Bundeskanzler kann verfassungsrechtliche Konsequenzen des Koalitionsvertrags nicht beurteilen
Friedrich Merz hat in seiner Sommerpressekonferenz vom 18. Juli erstmals eingeräumt, dass eine Legalisierung von Schwangerschaftsabbrüchen aus dem Koalitionsvertrag folgen könnte. Der Bundeskanzler erklärte, er könne nicht abschließend beurteilen, welche Rechtsfolgen die geplante Ausweitung der Krankenversicherungsleistungen bei Schwangerschaftsabbrüchen haben werde.
Die gescheiterte Verfassungsrichterin Frauke Brosius-Gersdorf hatte bereits am Dienstag bei Markus Lanz dargelegt, dass der Koalitionsvertrag faktisch eine Legalisierung von Abtreibungen voraussetzt. Nach der Rechtsprechung des Bundesverfassungsgerichts darf eine Leistungspflicht der Gesetzlichen Krankenversicherung nur bei rechtmäßigen Eingriffen bestehen. Das Bundesgesundheitsministerium hatte auf entsprechende Nachfragen lediglich mitgeteilt, konkrete Gesetzesvorhaben seien noch nicht spruchreif.

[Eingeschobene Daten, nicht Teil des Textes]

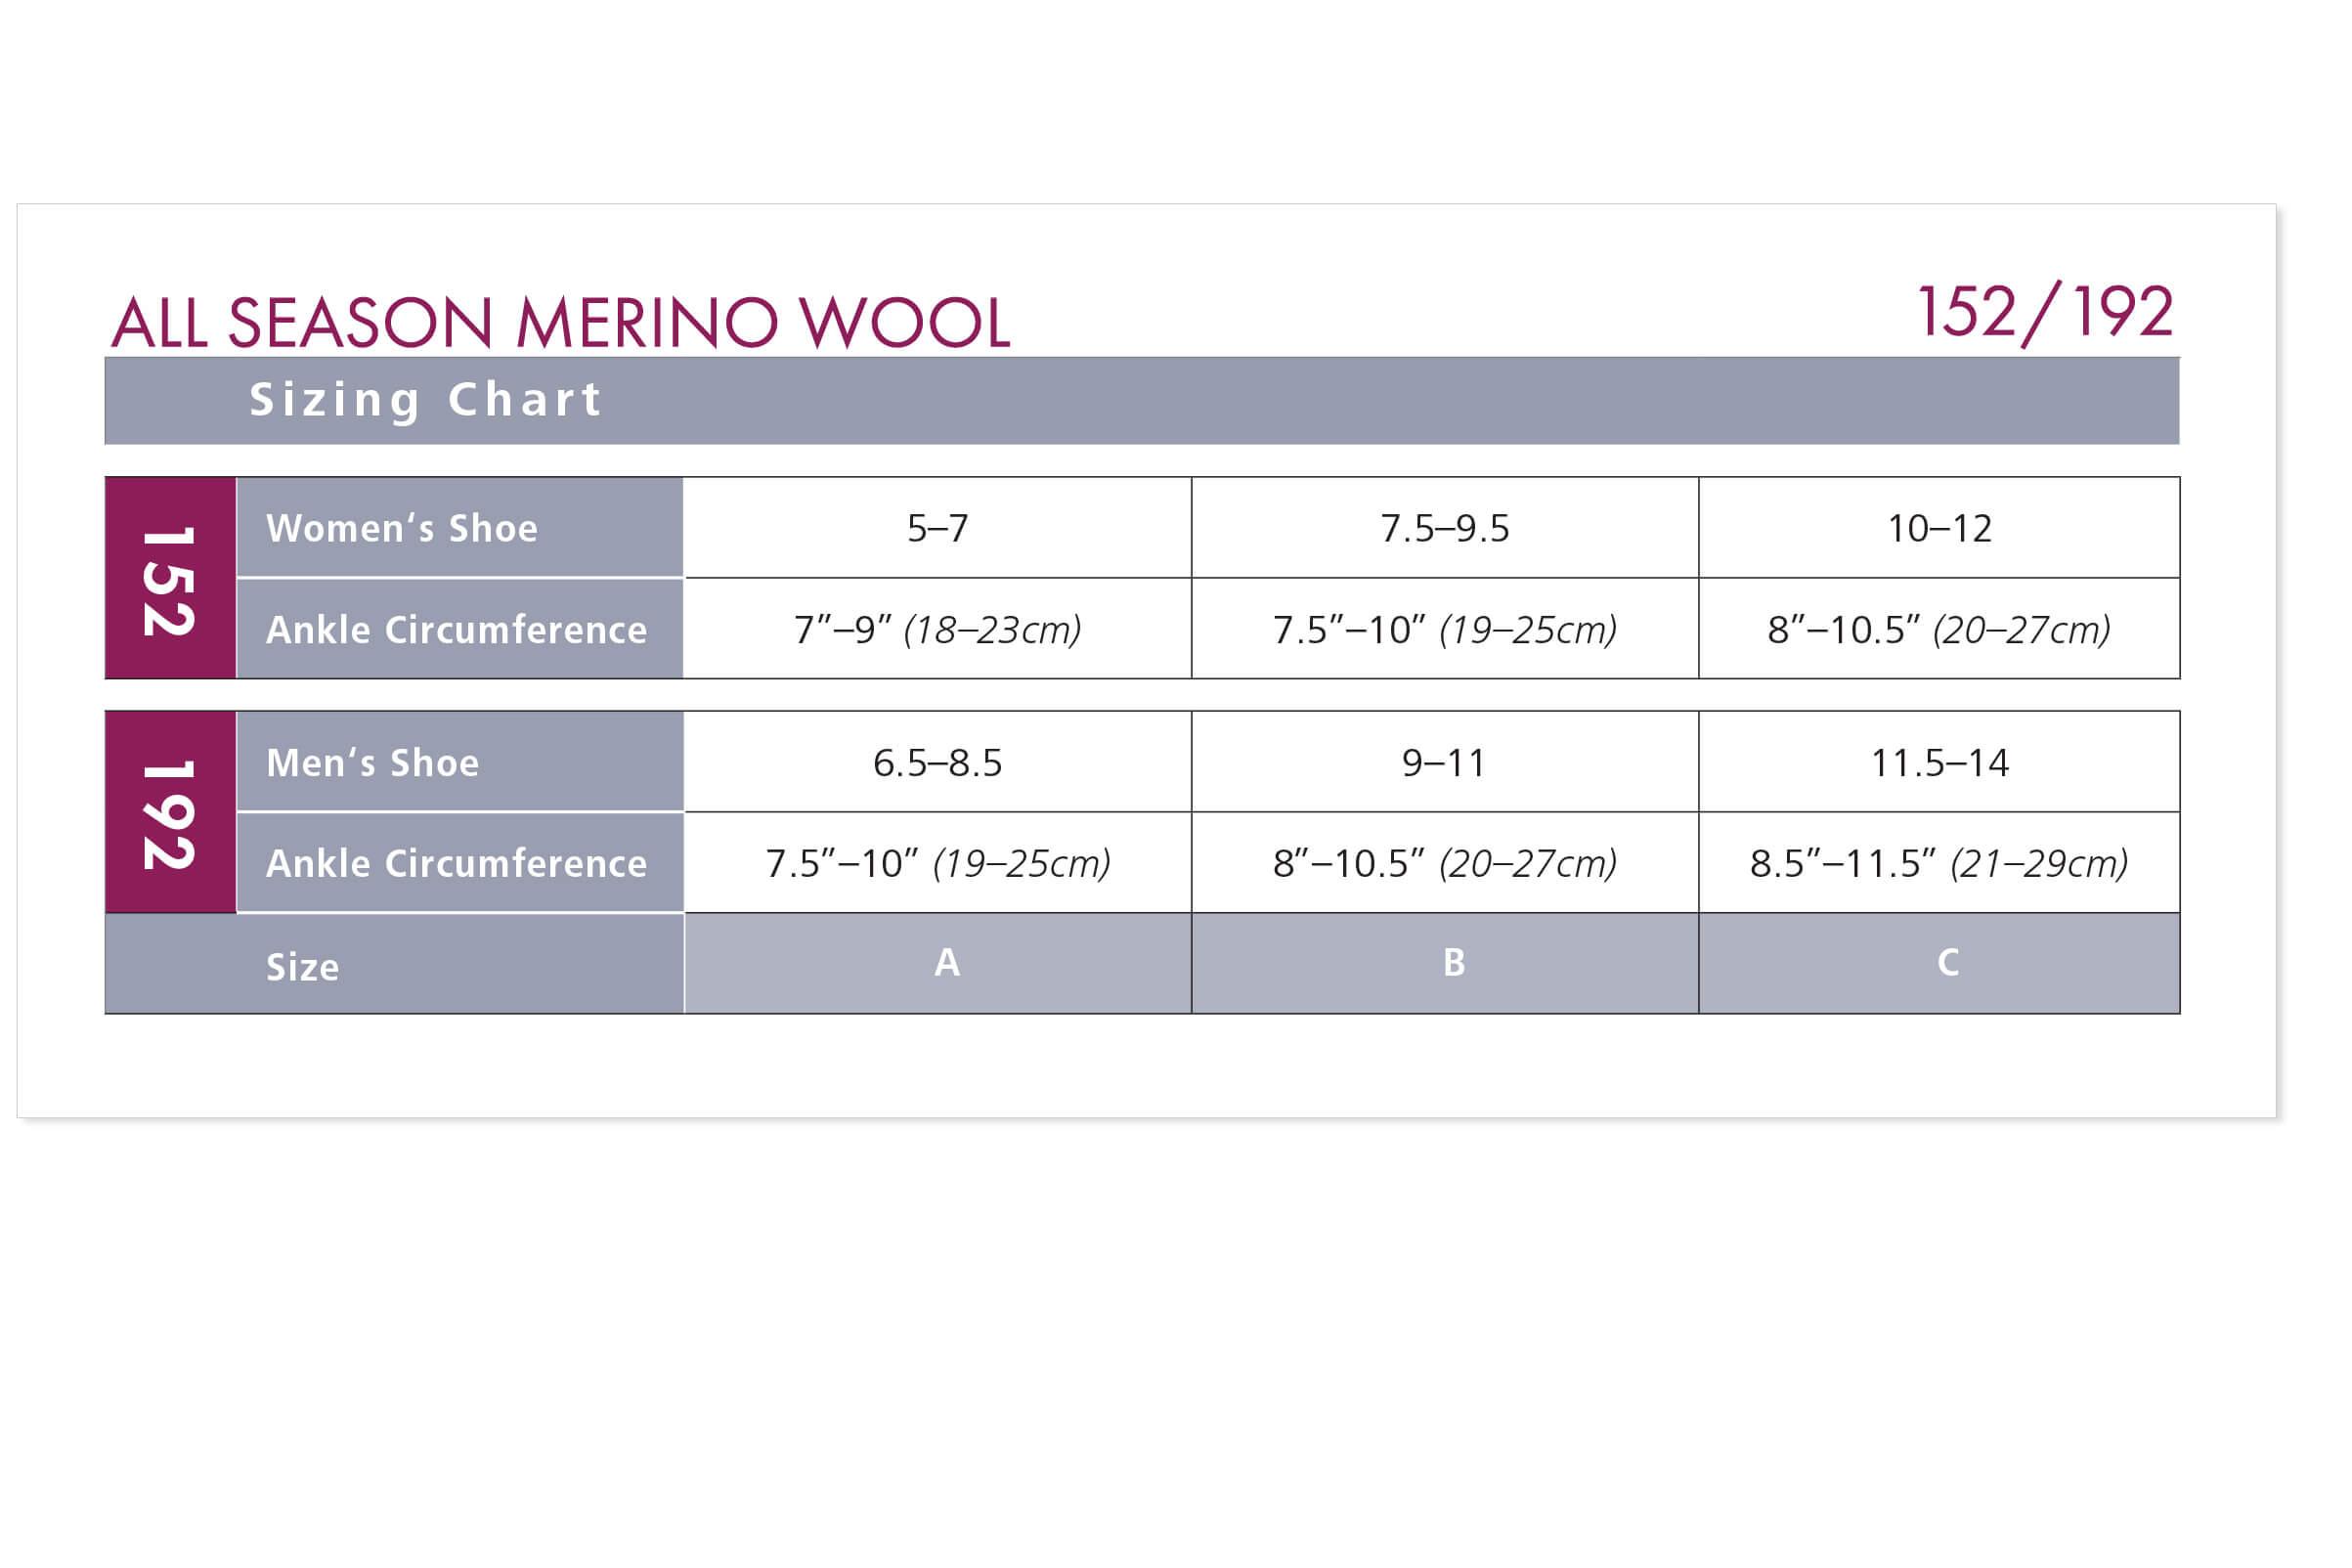 sigvaris-all-season-merino-wool-sizing-chart-3.jpg

Merz' Unwissen über die verfassungsrechtlichen Implikationen des eigenen Regierungsprogramms zeigt sich drei Monate nach der Regierungsbildung. Der Kanzler konnte nicht erklären, ob das Strafrecht geändert werden muss, wenn Sozial- und Krankenkassenrecht angepasst werden. Seine Vermutung, dass deswegen jedenfalls nichts geändert werden müsse, steht im Widerspruch zu den Ausführungen der Verfassungsrechtlerin. Die Koalitionsverhandlungen waren bereits im November 2024 abgeschlossen worden, doch erst jetzt räumt Merz ein, die rechtlichen Konsequenzen der vereinbarten Reformvorhaben nicht zu kennen. Seine Antwort auf die Frage nach möglichen Änderungen des Strafrechts blieb ausweichend.
Die Koalition steht nach zwei gescheiterten Wahlen unter Druck. Erst scheiterte Merz im ersten Wahlgang der Kanzlerwahl, dann verhinderten Unionsabgeordnete die Wahl von Brosius-Gersdorf zur Verfassungsrichterin. Die Unionsfraktion hatte die Kandidatin in letzter Minute fallen gelassen.
Merz verteidigte Brosius-Gersdorf gegen unsachliche Kritik, hielt sich aber alle Optionen für eine Wiederholungswahl offen. Er wollte nicht angeben, ob er selbst für die Juristin stimmen würde. Mehrere CSU-Politiker forderten bereits den Rückzug der Kandidatin.
Die katholische Kirche hatte sich vor der geplanten Wahl deutlich gegen Brosius-Gersdorf positioniert. Die evangelische Kirche unterstützt hingegen die Entkriminalisierung von Schwangerschaftsabbrüchen in der Frühphase. Merz verteidigte beide Kirchen für ihre Stellungnahmen.
Der Bundeskanzler räumte ein, dass die Kritik an Brosius-Gersdorf teilweise unsachlich, polemisch und persönlich beleidigend gewesen sei. Gleichzeitig konnte er keine konkreten Angaben zum weiteren Vorgehen machen und verwies auf weitere Gespräche zwischen den Fraktionen. Einen Zeitplan für die Wiederholungswahl nannte Merz nicht. Die Besetzung der Richterstellen am Bundesverfassungsgericht verzögert sich damit weiter, nachdem bereits die ursprünglich für vergangene Woche geplante Wahl abgesagt worden war. Unklar bleibt, ob die SPD an ihrer Kandidatin festhält oder einen neuen Vorschlag unterbreitet. Auch alternative Kandidaten der Union wurden nicht genannt.